A Biblioteca do Grémio Lusitano

A Biblioteca do Grémio Lusitano foi fundada em 1873, numa das salas do Grémio quando ele estava instalado na Rua Nova do Carmo, passando em 1880 para a sede actual, no Palácio Maçónico. Foi organizada por Henrique Jerónimo de Carvalho Prostes (1844 – 1890), jornalista e escritor, cônsul de Portugal no Sião e em Génova, onde morreu.
Como então informava o Boletim do Grande Oriente Lusitano Unido – Supremo Conselho da Maçonaria Portuguesa, «os irmãos estudiosos e aqueles que verdadeiramente se interessam pelos destinos desta instituição universal, poderão já ali encontrar um avultado número de subsídios para enriquecer o seu espírito» (nº 6, II Série, Setembro de 1873, p. 94).

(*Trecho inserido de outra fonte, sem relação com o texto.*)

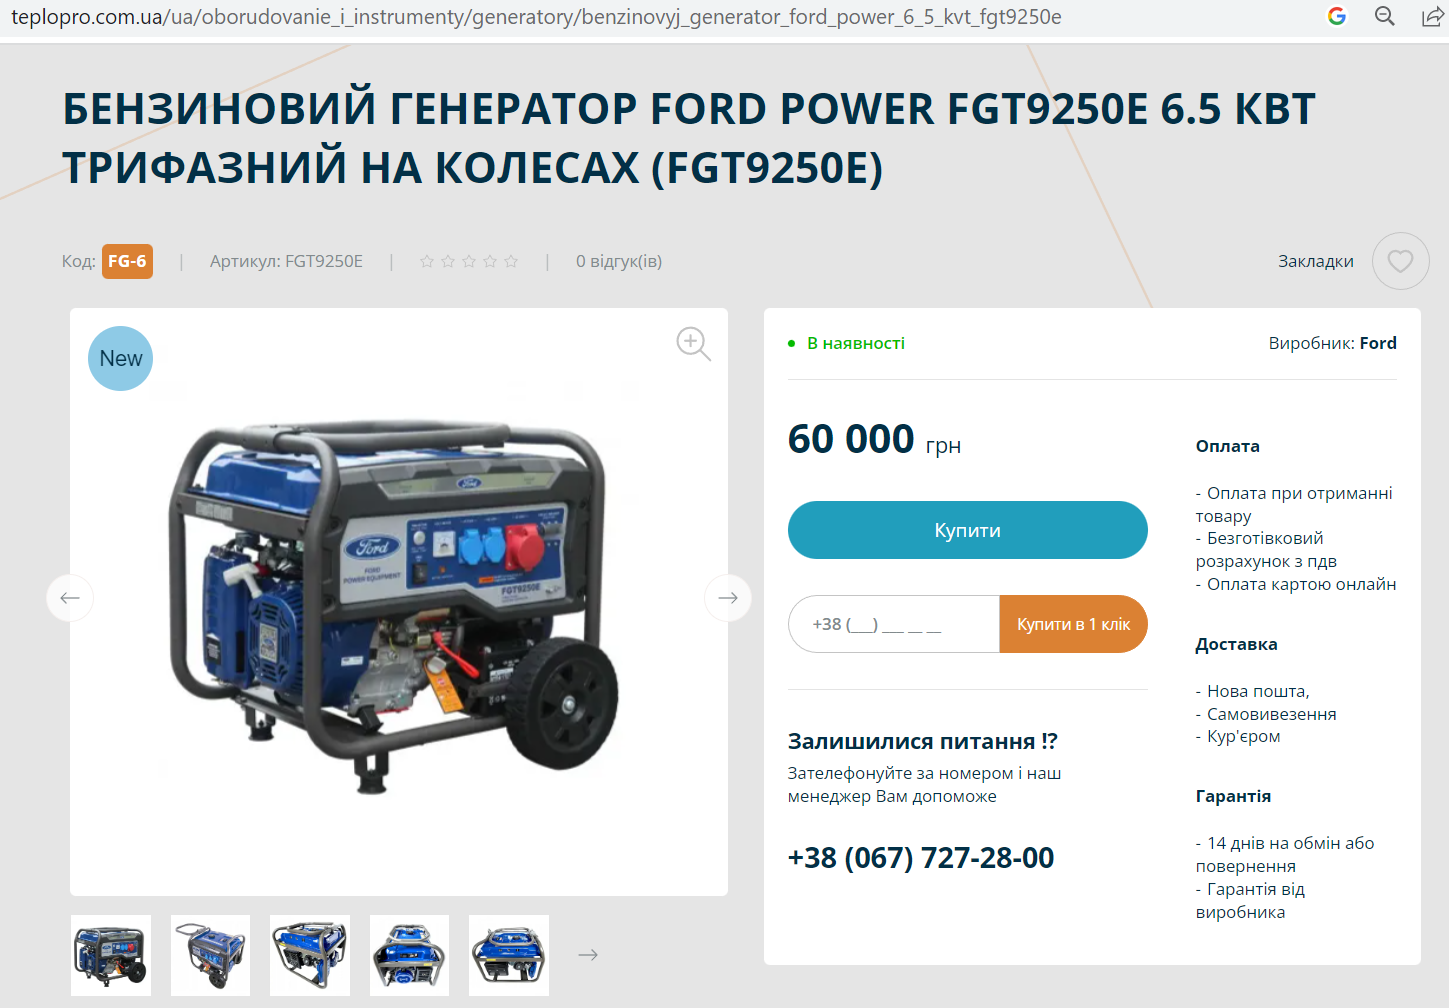 Dneprovodokanal purchased expensive generators

Foi enriquecida ao longo do tempo – o próprio Boletim dava conta de muitas das publicações recebidas – mas também conheceu diversas vicissitudes, ao sabor da situação política. Os assaltos, pilhagens e destruições que o Palácio Maçónico sofreu durante o sidonismo e após o 28 de Maio de 1926, culminando com a proibição da Maçonaria, em 1935, a dissolução do Grémio Lusitano e a espoliação dos seus bens, afectaram-na dramaticamente, acabando por liquidá-la e por dispersar o seu espólio.

No entanto, depois do 25 de Abril de 1974 foi possível recuperar muitos dos livros que tinham sido confiscados e depositados no ministério das Finanças. Também se tem registado diversas doações e aquisições que muito a enriqueceram.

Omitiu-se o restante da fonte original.